Мишель Шнайдер - Последний сеанс Мэрилин. Записки личного психоаналитика
Беверли Хиллз,
Роксбери-драйв
7 августа 1962 года
Гринсон не стал садиться в кресло напротив кушетки, на которой неподвижно сидел Уэкслер. Он сразу задал вопрос:
— Ее пленки, записи, ее последнее соло, ее последний сеанс — ты хочешь их услышать?
Уэкслер утвердительно хмыкнул. Гринсон доверил ему голос Мэрилин, как открывают тайну незнакомцу в баре, чтобы больше о ней не думать.
— Оставив мне эти записи, чтобы я послушал их в ее отсутствие, она сказала мне: «Я абсолютно доверяю вам — знаю, что вы никогда не откроете ни одной живой душе то, что я вам сказала». Потом, выйдя из моего кабинета, она попросила стереть их после того, как я их прослушаю. Я не смог их стереть. Эти записи меня потрясли, — продолжал Гринсон, — не знаю, что буду с ними делать, но я записал их на бумаге.
Гринсон не стер эти записи. Во всяком случае, не сразу. Скорее из-за голоса, чем из-за слов. Хотя он и считал себя придающим смысл сказанному, но этот голос против воли превратил его в воспринимающего. Он дал их своему коллеге, чтобы тот прослушал их. Один. Позднее они смогут обсудить услышанное, если захотят.

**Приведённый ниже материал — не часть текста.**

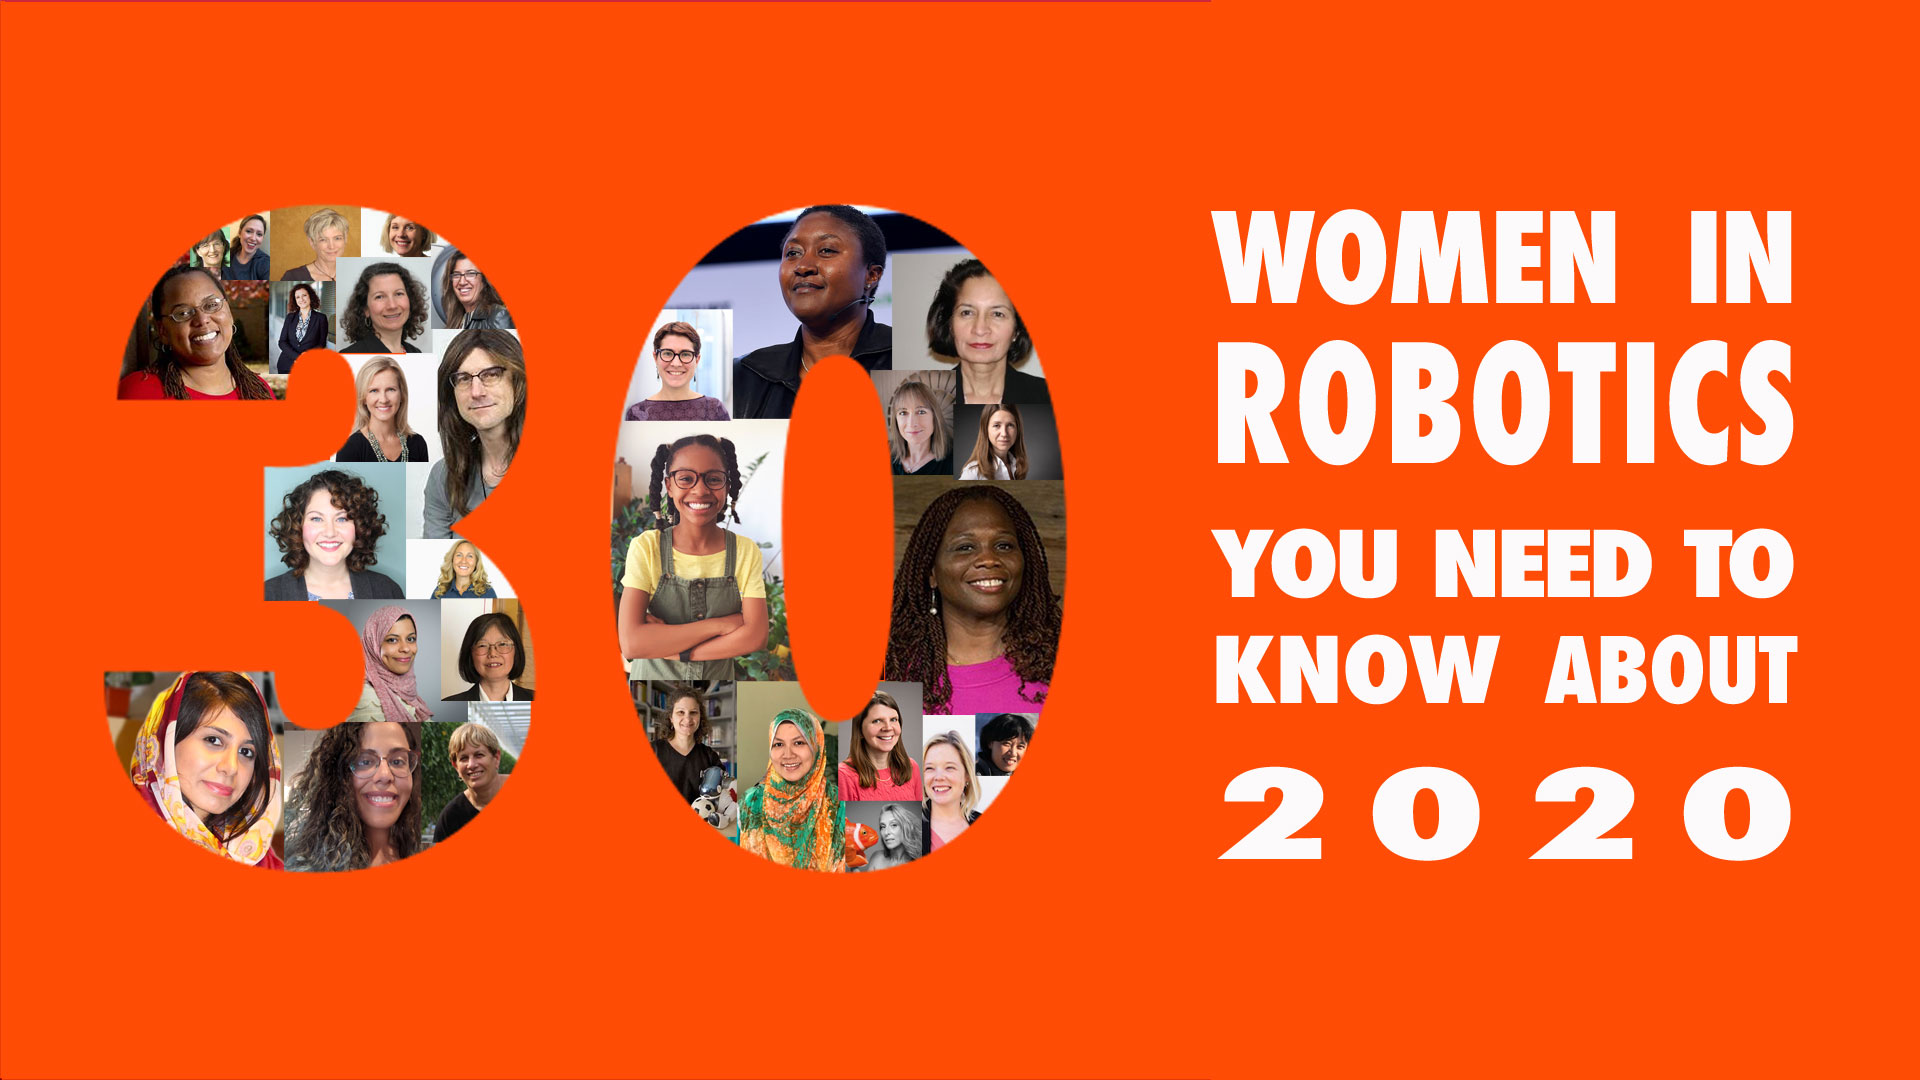 Named one of the Women In Robotics You Should Know
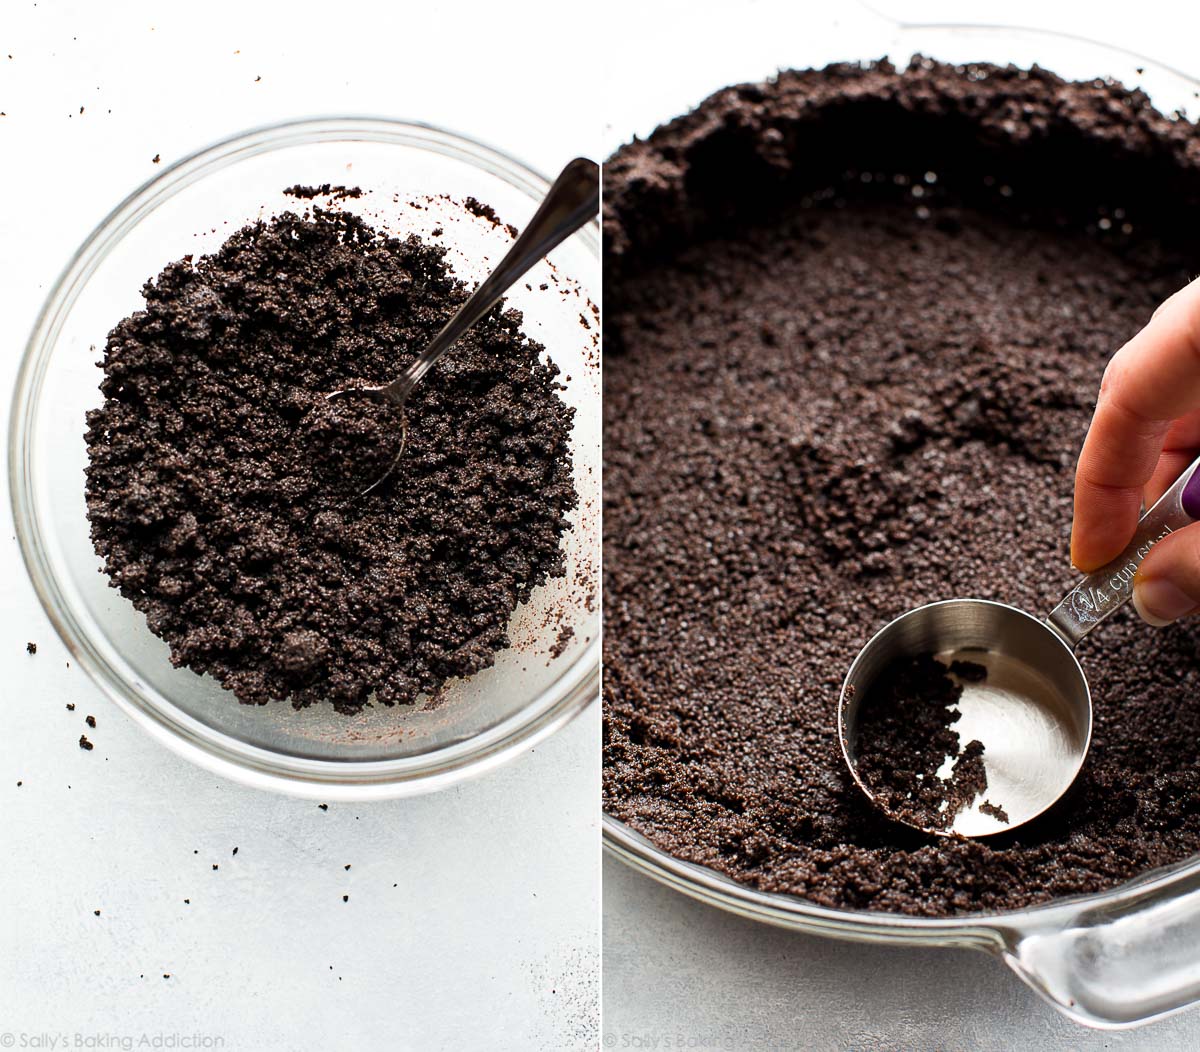 2 images of Oreo cookie crust in a glass bowl and pressing crust mixture into glass pie dish with a measuring cup

Слушая первую запись, Уэкслер даже привскочил. «Я пошла к Джоан Кроуфорд. Она попросила меня подождать, пока она сделает клизму своей дочке. Малышка кричала, что не хочет клизму. Не хочет, чтобы клизму ставила мама. Кроуфорд так разозлилась, что чуть не ударила ее. Я предложила сделать клизму сама. Я поставила клизму этому ангелочку так нежно, что она даже засмеялась. Джоан кисло взглянула на меня и сказала: «По-моему, детей не надо баловать». У меня было впечатление, что она склонна жестоко обращаться со своей дочерью… Доктор, я хочу, чтобы вы помогли мне избавиться от Муррей. Вчера вечером, когда она ставила мне клизму, я подумала: «Вы превосходно это умеете, милочка, но вам придется уйти». Доктор, на самом деле мы с ней не любим друг друга. Я не выношу наглости и неуважения, которые она проявляет каждый раз, когда я прошу ее что-то сделать… Пока я диктовала эту историю, я вспомнила о клизмах, которые мне ставили в детстве. Они принадлежат к категории вытесненных воспоминаний, как их называете вы и доктор Фрейд. Я поработаю над этим и передам вам другую кассету».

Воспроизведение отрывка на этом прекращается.